Quito: Arriving, The Secret Garden and Spanish Lessons
Quito Travel Blog› entry 1 of 8 › view all entries
Its fair to say that we really didnt know what to expect when we first landed in Quito and its also fair to say that we underestimated the language barrier.
We arrived at our hostel, the now "very famous" Secret Garden (thanks to a little segment called the "Authors Choice" in the latest edition of Lonely Planet: Ecuador) situated in the heart of Quitos Old Town, at 11:30pm on a Thursday night and were greeted with a half drunk Ecuadorian guy who only spoke Spanish. After offering us a beer he proceeded to give us a detailed tour of the hostel by opening all of the dorm rooms, turning on the lights and having rather loud conversations which neither Anna or I had a clue about, all while most of the hostel was trying to sleep.
The next morning presented a totally different story. Most of the staff and guests at the hostel spoke English, we had managed to score one of the best dorm rooms and the hostel had a killer view from the terrace, which has also been fashioned into an alfresco restaurant, overlooking the whole of Quitos old town + a little bit more. The first task of the morning was to book ourselves into some Spanish Lessons - 40 hrs of them in fact....we would need every single one of them.

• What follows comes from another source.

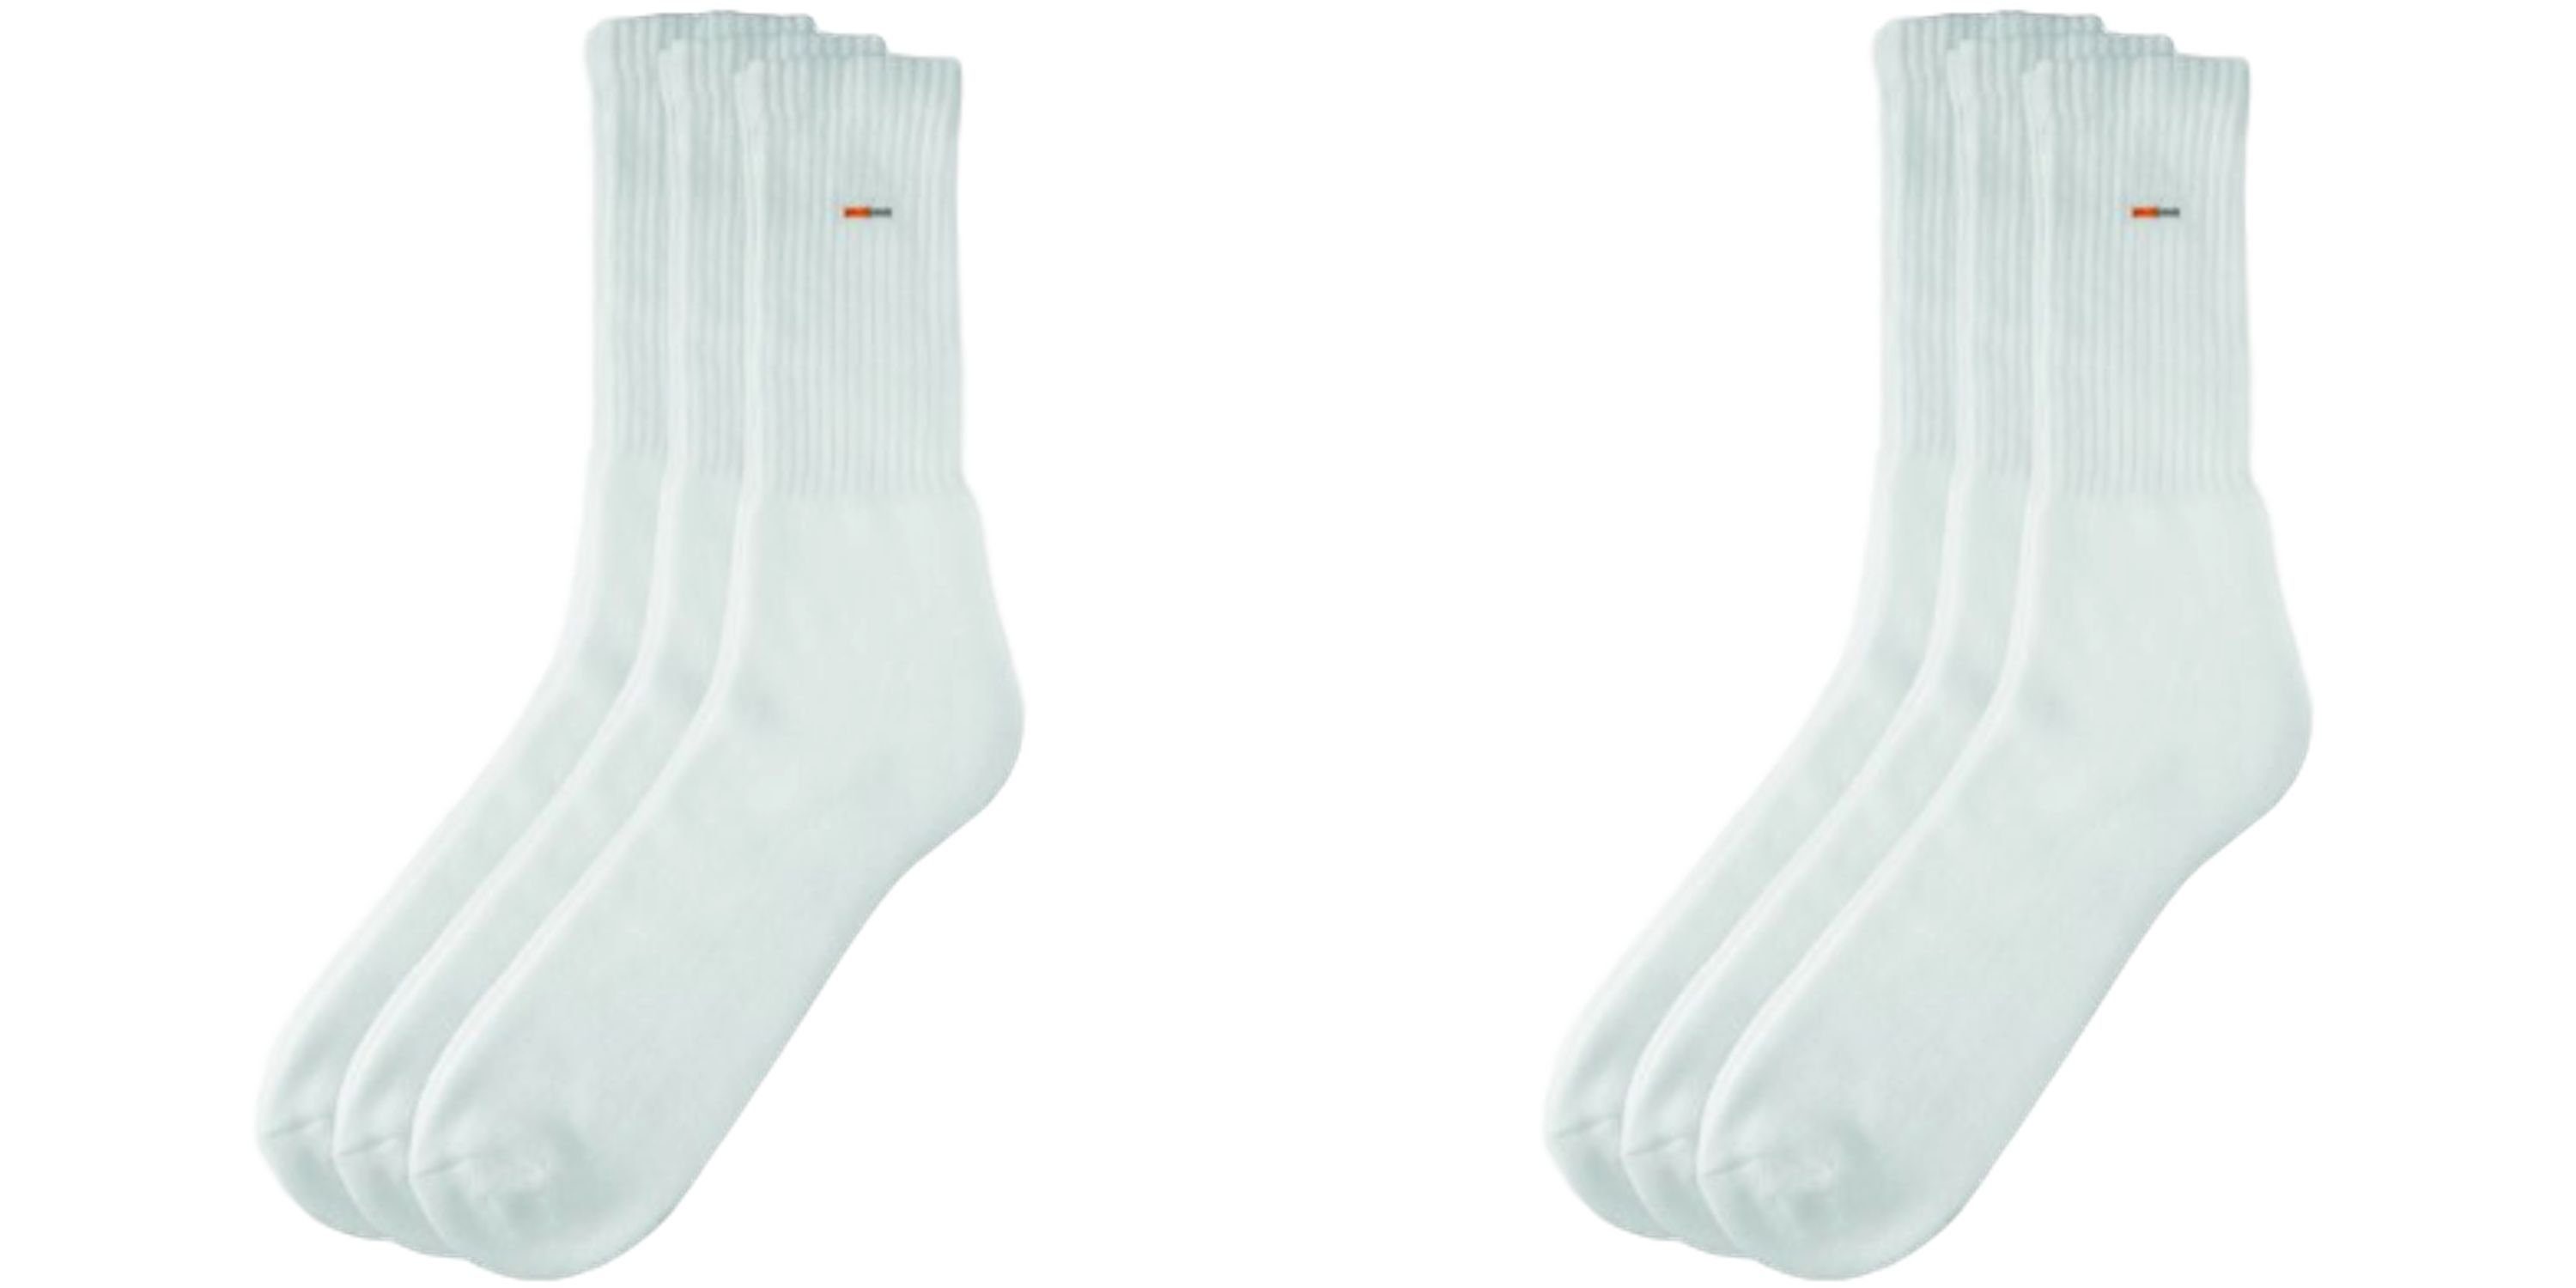 Camano Sportsocken Basic Socken weiss (6-Paar) Farbe: Paar 6 Größe: - - Sportsocke - 6 Paar A11 38 weiss 35

Mission accomplished we grabbed some breakfast (so good!!) and checked out the layout of the hostel.
The Secret Garden Hostel (www.secretgardenquito.com) is located in Anteparra Street, right in the heart of Quitos "Old Town". It is owned and operated by an Ecuadorian-Australian couple, however they are currently developing a new hostel in the Cotopaxi region and therefore their time at the S.G. is limited. The day to day running of the hostel is left to a couple of managers (Brad and Rob), Ecuadorian staff who perform the cooking and cleaning, and a squad of volunteers from all over the world (check out the website if you are interested in volunteer opportunities). The hostel has a number of dorm rooms ($6pp per night), private rooms (starting at $12 a night), internet, restaurant (serving breakfast and dinner) and laundry service, all spread over 5 floors (it is quite narrow).
On our first morning in Quito we ventured out for a look around the old town. It just so happened to be Easter Friday and it just so happens that the main religion in Quito is Catholicism which can mean only one thing....thousands and thousands of people lining the streets for an Easter procession. After being advised by a policeman (who seemed to make it his priority) to strap our back packs to our chest, Anna and I picked a spot on a corner and waited for the parade to come past. Now the last parade I went to was a christmas pageant in Latrobe with little kids and santa claus.
Following the first day, the remaining days of our first week in Quito consisted of exploring the city in the morning, Spanish lessons for 4 hours in the afternoon and dinner on the Terrace at night.
Then Spanish lessons in the afternoon. I would describe learning Spanish as incredibly frustrating, you think you have finally got a hold of it and then it flips a birdie at you and runs away as fast as it can flashing a moon in the process!! In the first week we took in so much information, we went from novice to a little better than novice (Anna faring much better than me) but its amazing how a little amount goes a long way. Suddenly we had more confidence eating out, catching buses etc etc.
A big shout out to Sandra (with whom Anna revised her French with) and the Aussie boys John and Brad, good luck with your volunteering adventure lads, it was awesome getting to know you!!